Rather than fitting a randomized or grid search to find the best combination, it is also possible to obtain an iterator over different parameter combinations, to inspect their outputs or to have manual control over the model selection, using .skb.iter_pipelines_grid() or .skb.iter_pipelines_randomized(). Those yield the candidate pipelines that are explored by the grid and randomized search respectively.

A human-readable description of parameters for a pipeline can be obtained with SkrubLearner.describe_params():

>>> search.best_pipeline_.describe_params()
{'α': 0.054...}

It is also possible to use ParamSearch.plot_results() to visualize the results of the search using a parallel coordinates plot.

A full example of how to use hyperparameter search is available in Hyperparameter tuning with DataOps.

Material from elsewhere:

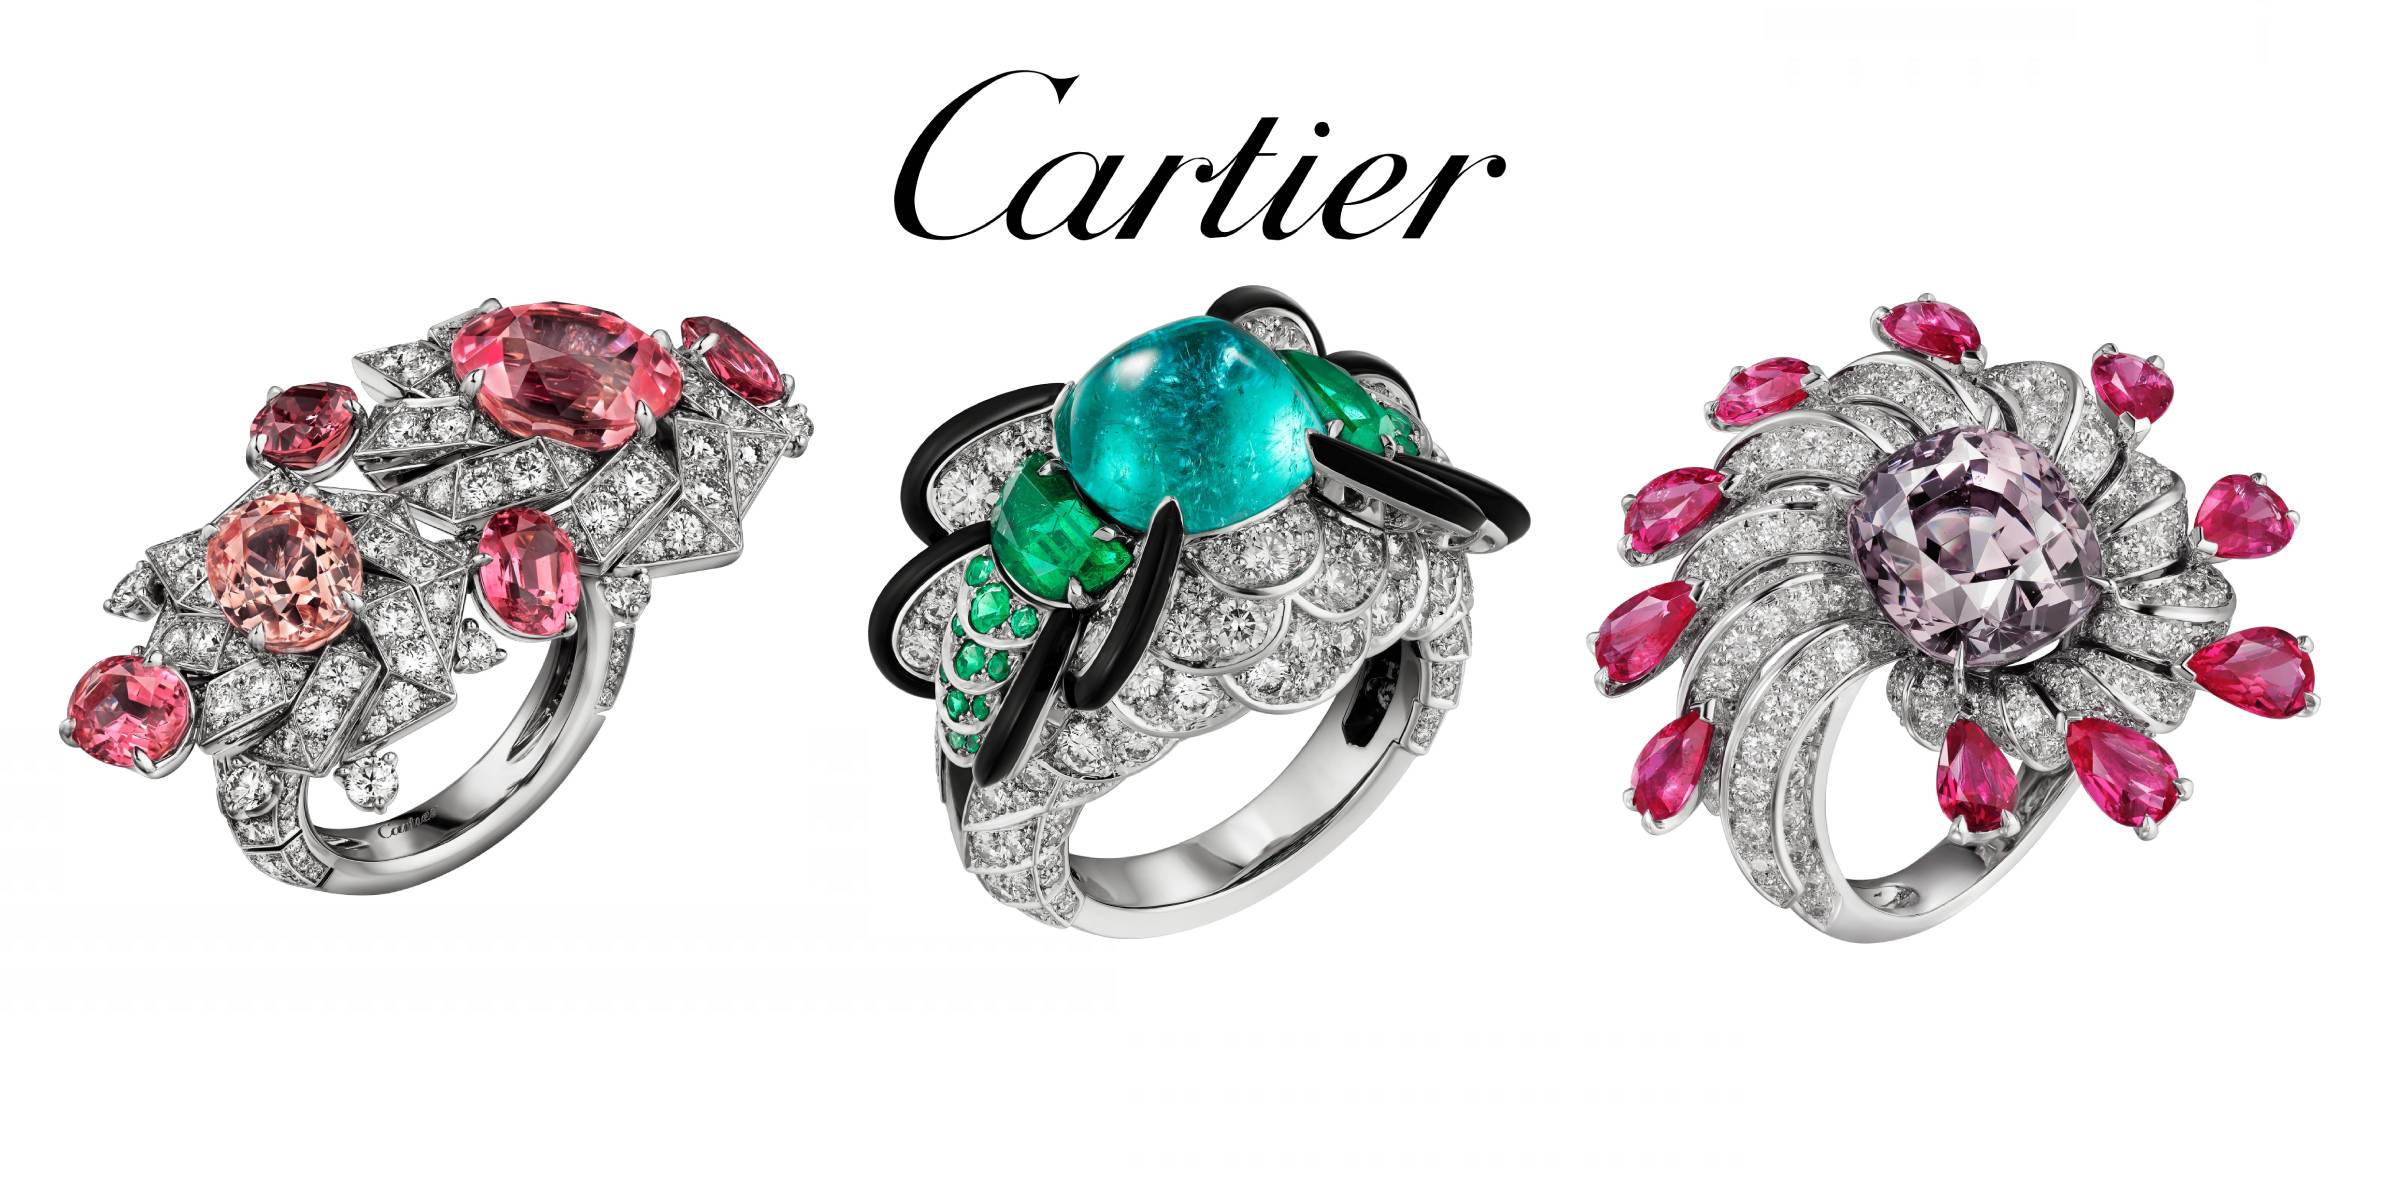 Cartier unveils new high jewellery collection in Florence

Validating hyperparameter search with nested cross-validation#

To avoid overfitting hyperparameters, the best combination must be evaluated on data that has not been used to select hyperparameters. This can be done with a single train-test split or with nested cross-validation.

Single train-test split:

>>> split = pred.skb.train_test_split()
>>> search = pred.skb.make_randomized_search()
>>> search.fit(split['train'])
ParamSearch(data_op=<Apply Ridge>,
            search=RandomizedSearchCV(estimator=None, param_distributions=None))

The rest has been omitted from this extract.